▸ **Exercise aim**
When the line with "HLG+Job.png" comes up, set it down and every later line to the end of the data, exactly and without pictures.

--- Collected material Enclosed Below ---

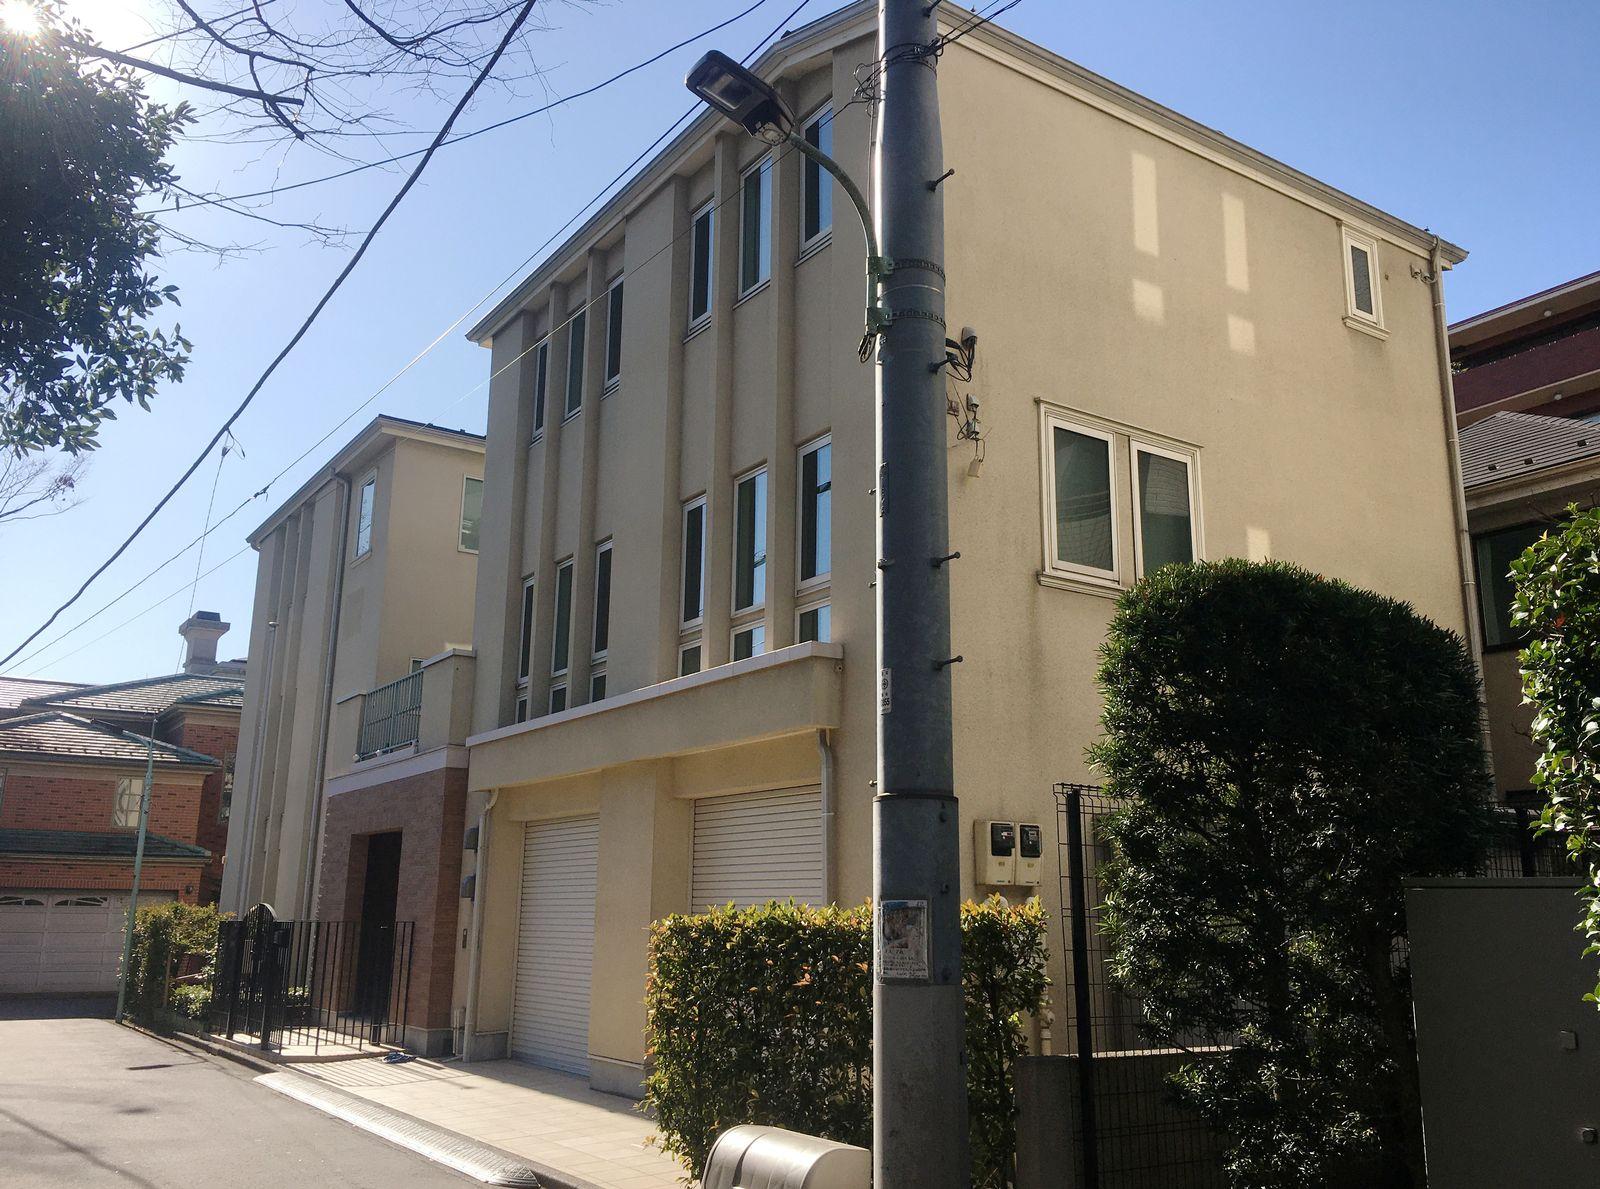 RENAULT-NISSAN/GHOSN-HOUSE
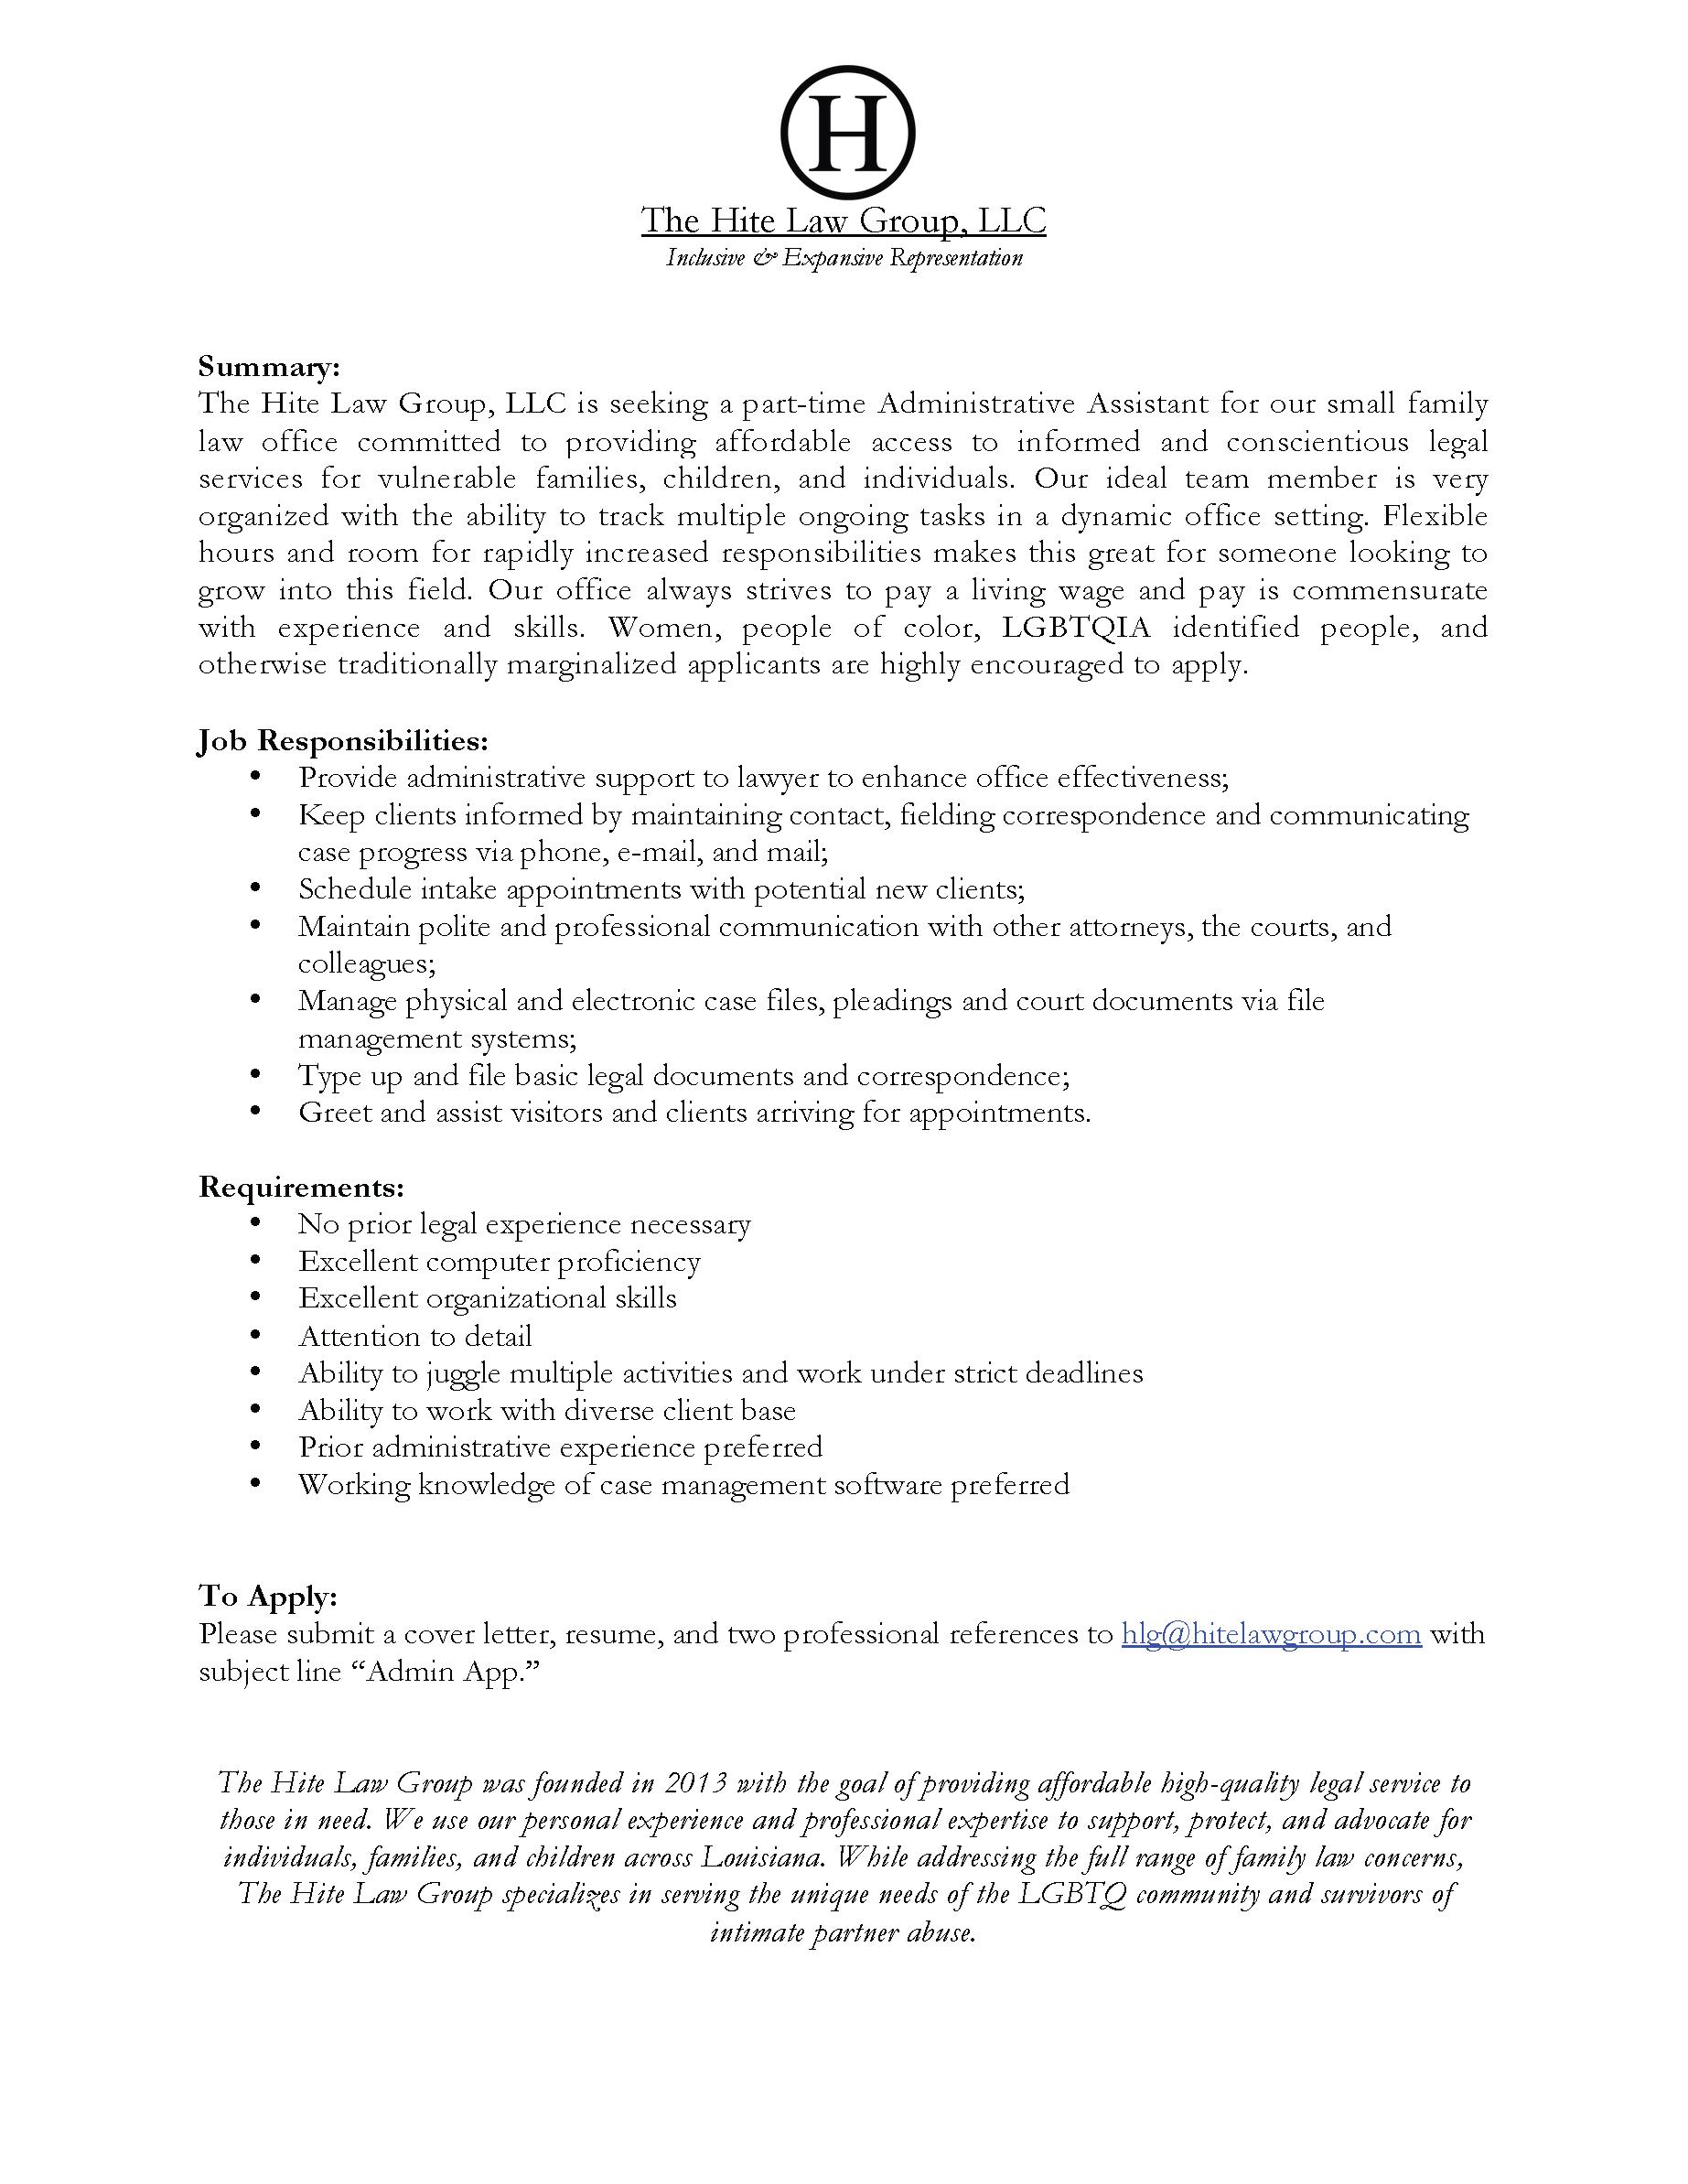 HLG+Job.png
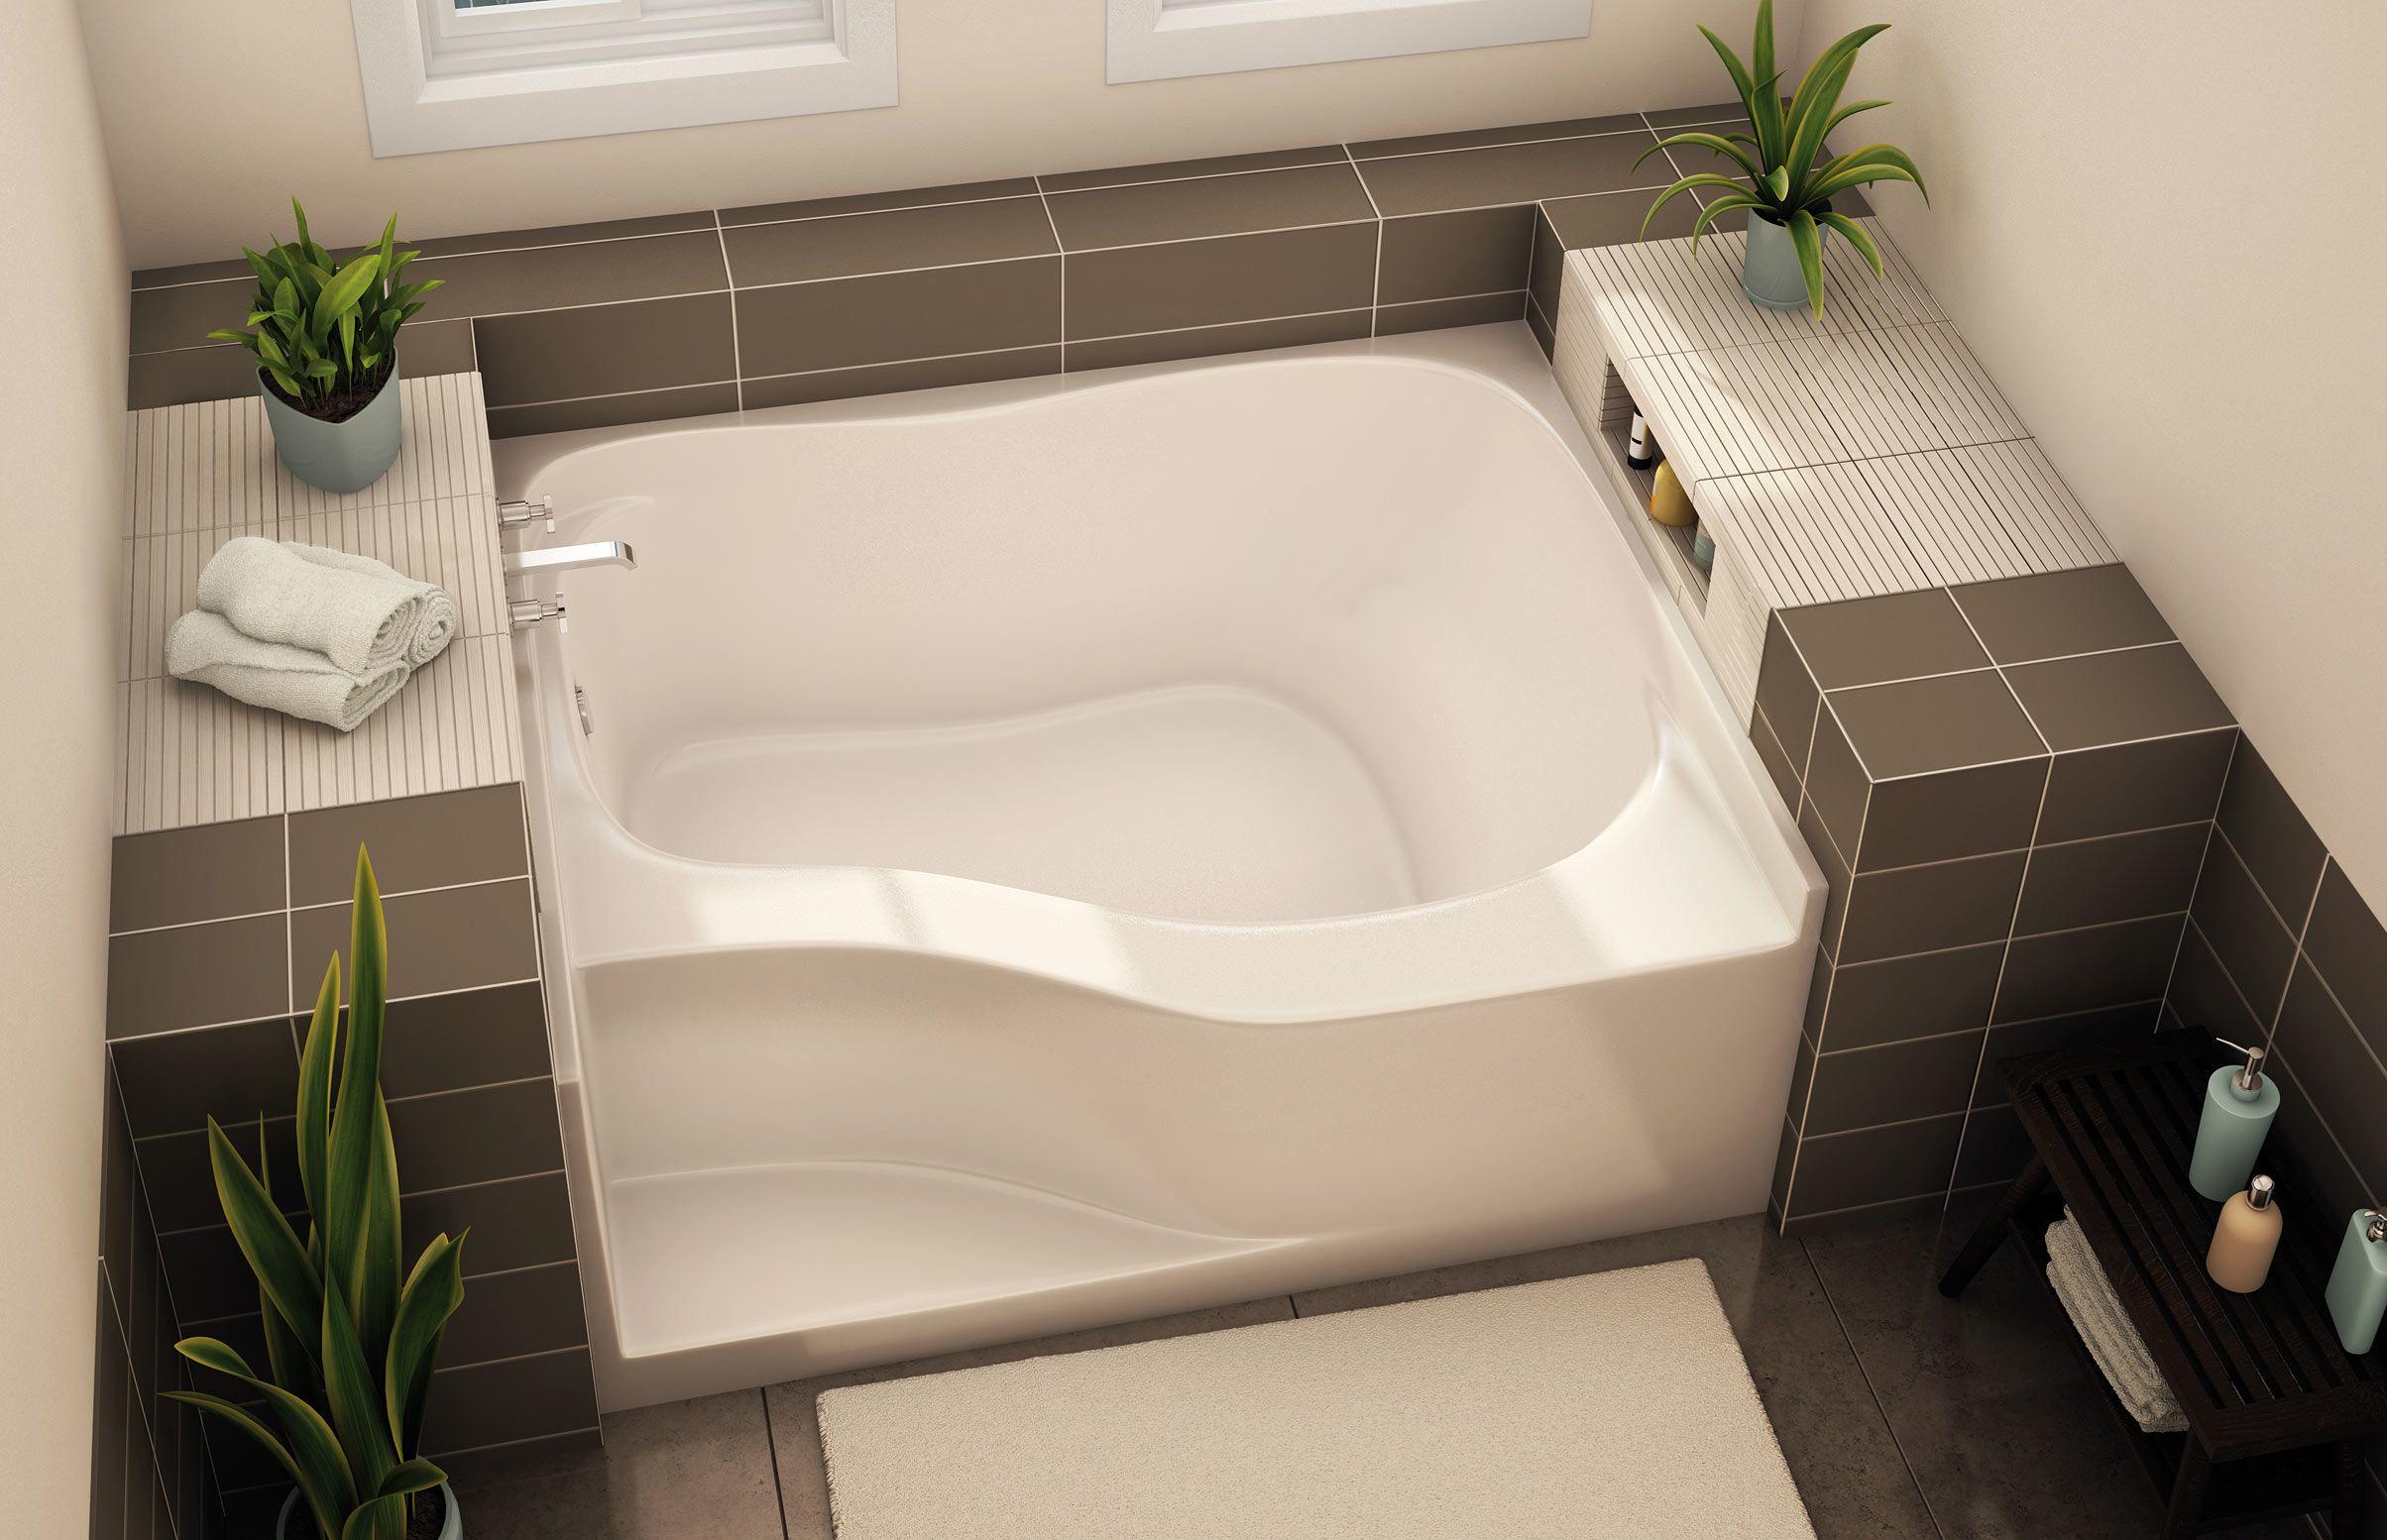 low bathtub - Google претрага | Teta Vidicin stan | Pinterest ...

--- End of Enclosed Collected material ---

▸ **The completed task**
 HLG+Job.png
 low bathtub - Google претрага | Teta Vidicin stan | Pinterest ...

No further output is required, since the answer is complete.